The separation of many classes of compounds by selective adsorption on molecular sieves or zeolites as well as other adsorbents is well known. For example, as disclosed in U.S. Pat. No. 4,048,205, methyl esters of fatty acids of various degrees of unsaturation may be separated from mixtures of esters of saturated and unsaturated fatty acids with X or Y zeolites exchanged with a selected cation. Further in U.S. Pat. No. 4,353,838 it is disclosed that monoethanoid fatty acids may be separated from diethanoid fatty acids with cross-linked polystyrenes, e.g. "Amberlite". The refining of oils by admixing them with magnesium silicate to adsorb coloring matter and free fatty acids from glyceride oils is disclosed in U.S. Pat. No. 2,639,289. The separation of monoglycerides from di- and triglycerides by adsorption on X or Y zeolites with desorption by a ketone was disclosed in my pending application Ser. No. 898,300, filed Aug. 20, 1986. The process for separating a mixture of triglycerides, based on the iodine values, is shown in Logan et al. U.S. Pat. Nos. 4,277,412 and 4,284,580 in which permutite and aluminated silica gel adsorbents, respectively, can be used. Also, Logan et al. U.S. Pat. No. 4,297,292 discloses fractionating triglycerides according to their iodine value with a macroreticular strong acid cation exchange resin.

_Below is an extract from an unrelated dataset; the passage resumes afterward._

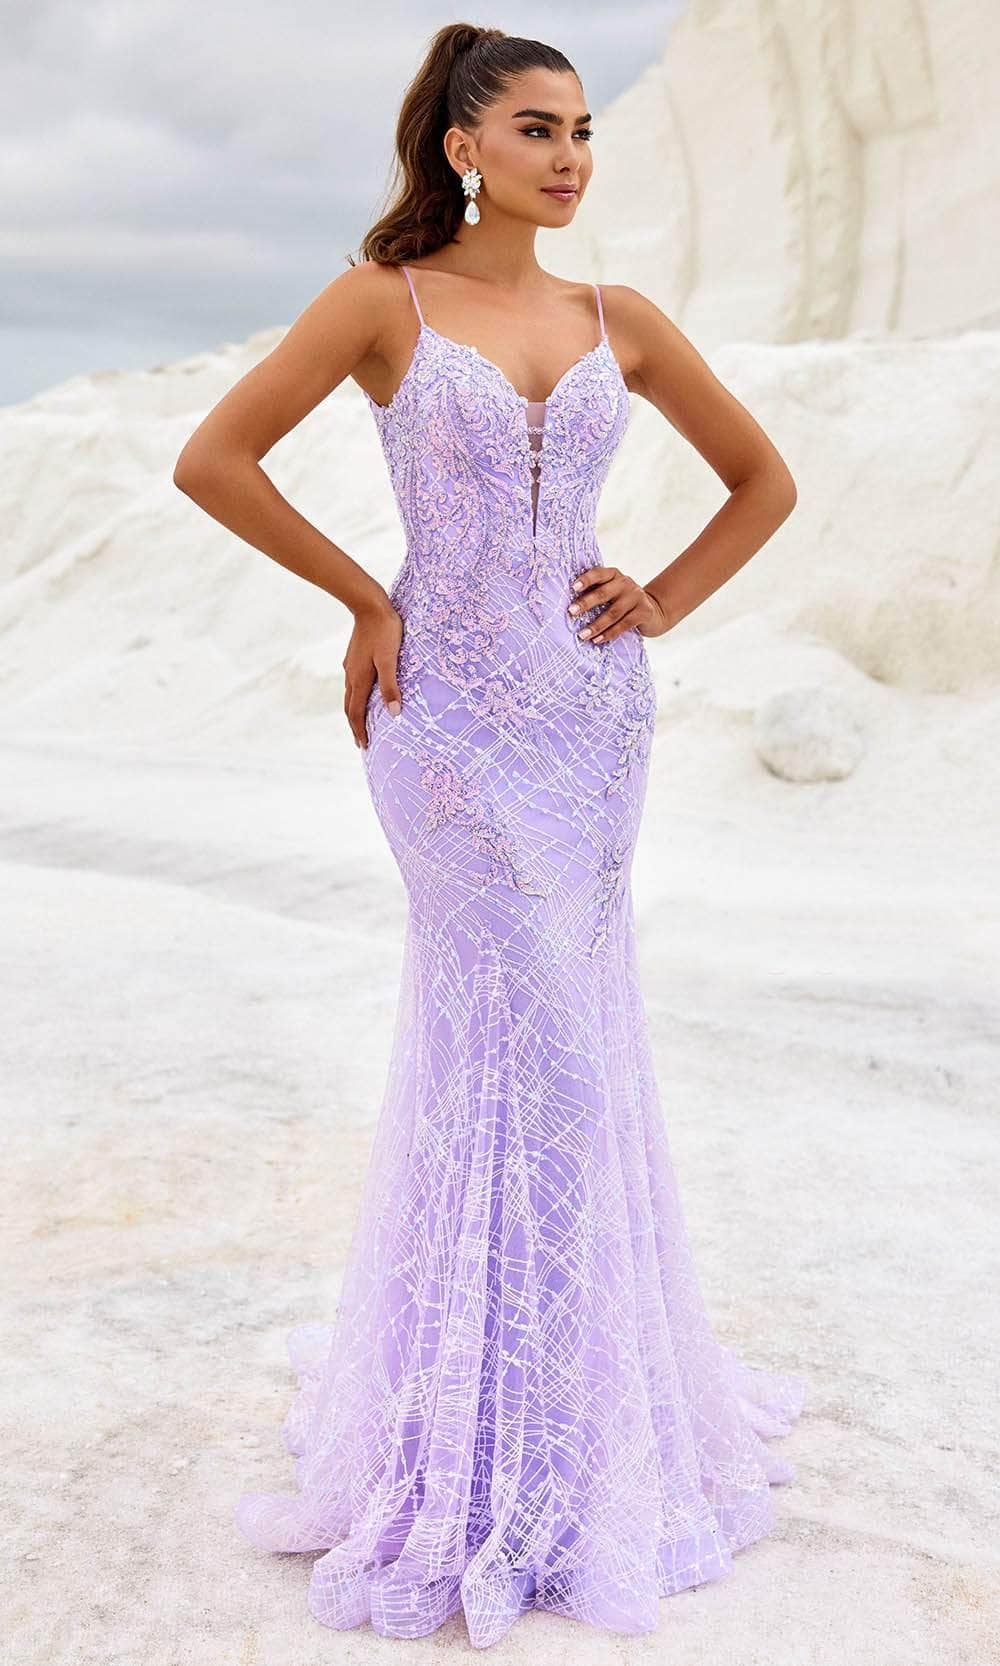 Image of Blush by Alexia Designs 12175 - Embroidered Plunging V-Neck Prom Gown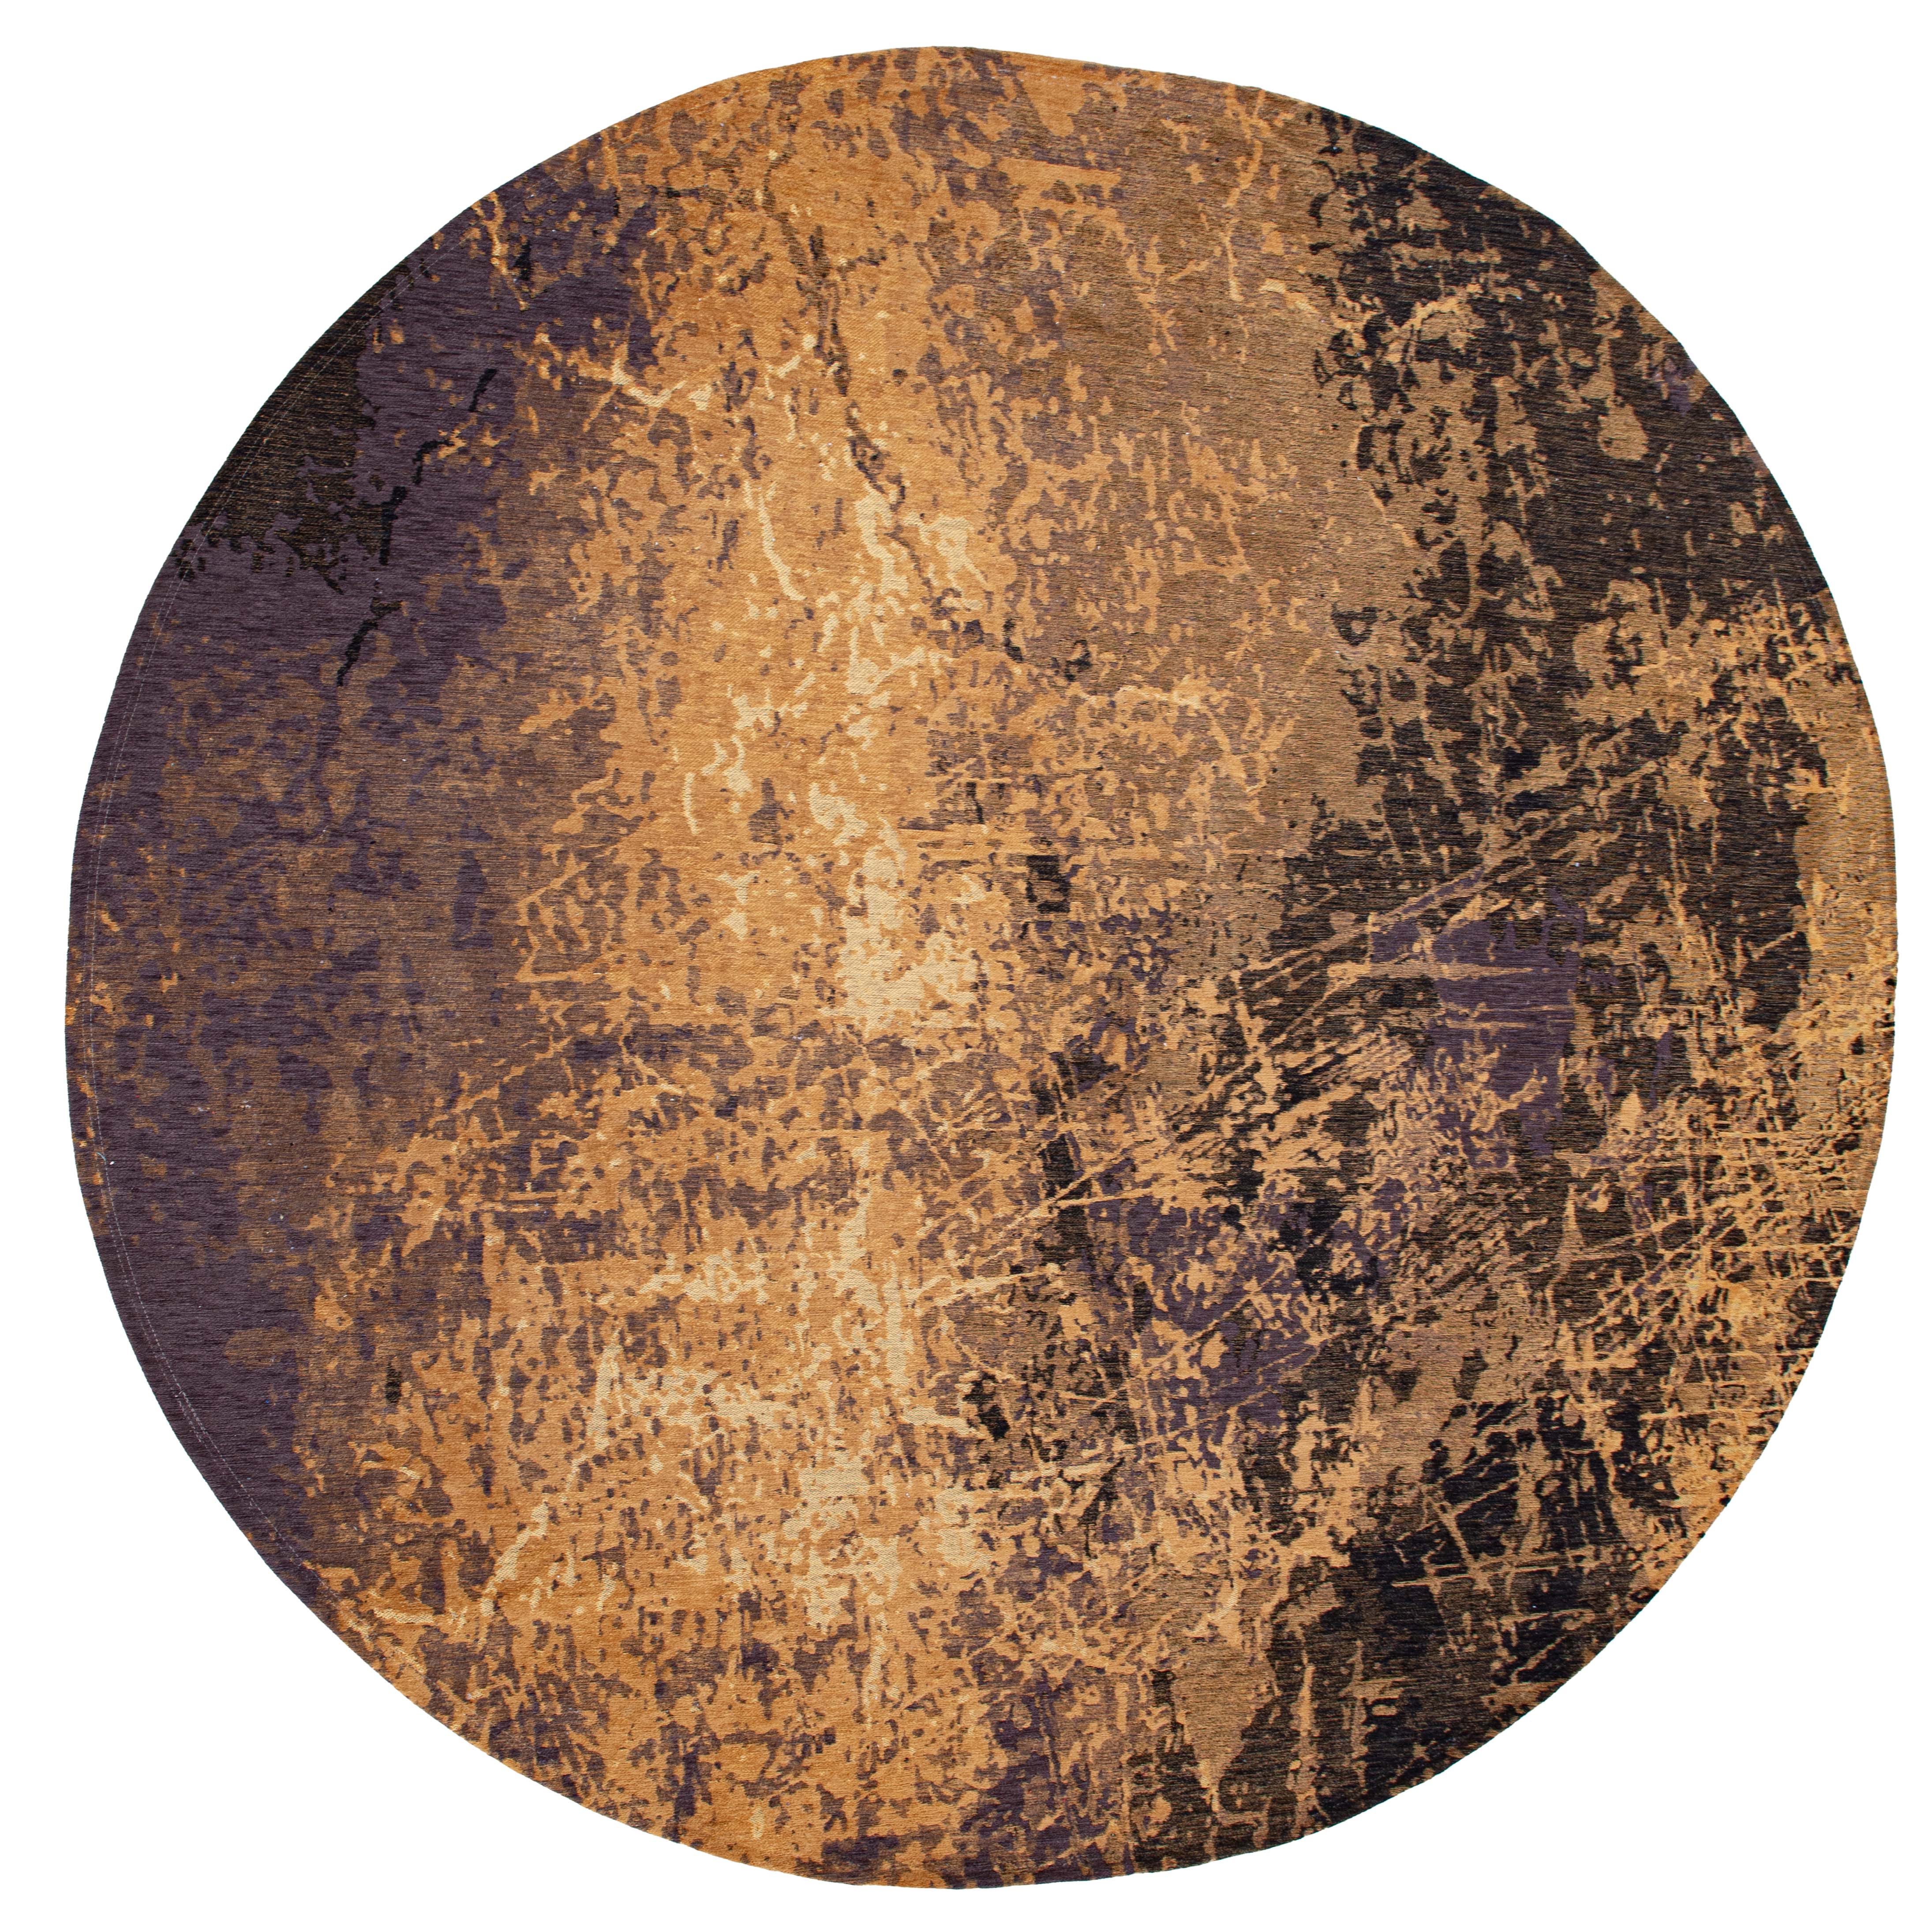 Circle flatweave rug with faded jagged abstract design in terracotta, copper and charcoal

The process of separating diglycerides from triglycerides described herein has many potential uses, for example, in treating oils, such as palm oil and palm olein. Diglycerides are undesirable because they adversely affect the purification of triglycerides by crystallization. Jacobsberg et al., Studies in Palm Oil Crystallization, J. A. Oil Chem. Soc., Vol. 53, October 1976, pp. 609-617. A process which separates diglycerides from triglycerides can improve the purity and recovery of such crystallizations. Another application of my separation process results from the use of diglycerides as emulsifiers in large amounts in the food industry. Mixtures of di- and triglycerides can be produced by reaction of glycerol with triglycerides or with free fatty acids, separation of the resulting mixture yields the desired diglyceride.
Another important application of my separation process resides in its utility in the synthesis of triglycerides. Cocoa butter, for example, is a high value natural product consisting predominantly of a mixture of particular triglycerides where the 2-position of glycerol is esterified with an oleyl group and the 1- and 3-positions are esterified with either the palmitoyl or the stearyl group. When the 1 and 3-positions are esterified with palmitoyl groups, the triglyceride is referred to as "POP". Likewise, when a stearyl group occupies both 1-and 3-positions, the compound is called "SOS", and when 1- and 3-positions are filled by one palmitoyl and one stearyl group, the compound is referred to as "SOP". Cocoa butter is a predominant component in chocolate confections. It is believed that large quantities of these particular triglycerides could be synthesized and used as cocoa butter extenders by reacting the appropriate 1,3-diglyceride with oleic acid, and then separating the resulting mixture of di- and triglycerides. The process of the instant invention can be used to accomplish this by separation of glyceride mixtures which contain 1,3-diglycerides, obtaining the desired 1,3-diglycerides in the extract and triglyceride in the raffinate. The 1,3-diglycerides can then be recycled to the reaction step.
I have discovered combinations of zeolites and desorbents which separate the diglycerides and triglycerides. The diglycerides are adsorbed in preference to triglycerides and are concentrated in the extract. The triglycerides, therefore, are removed from the mixture of diglycerides and triglycerides and are concentrated in the raffinate of the adsorptive separation apparatus.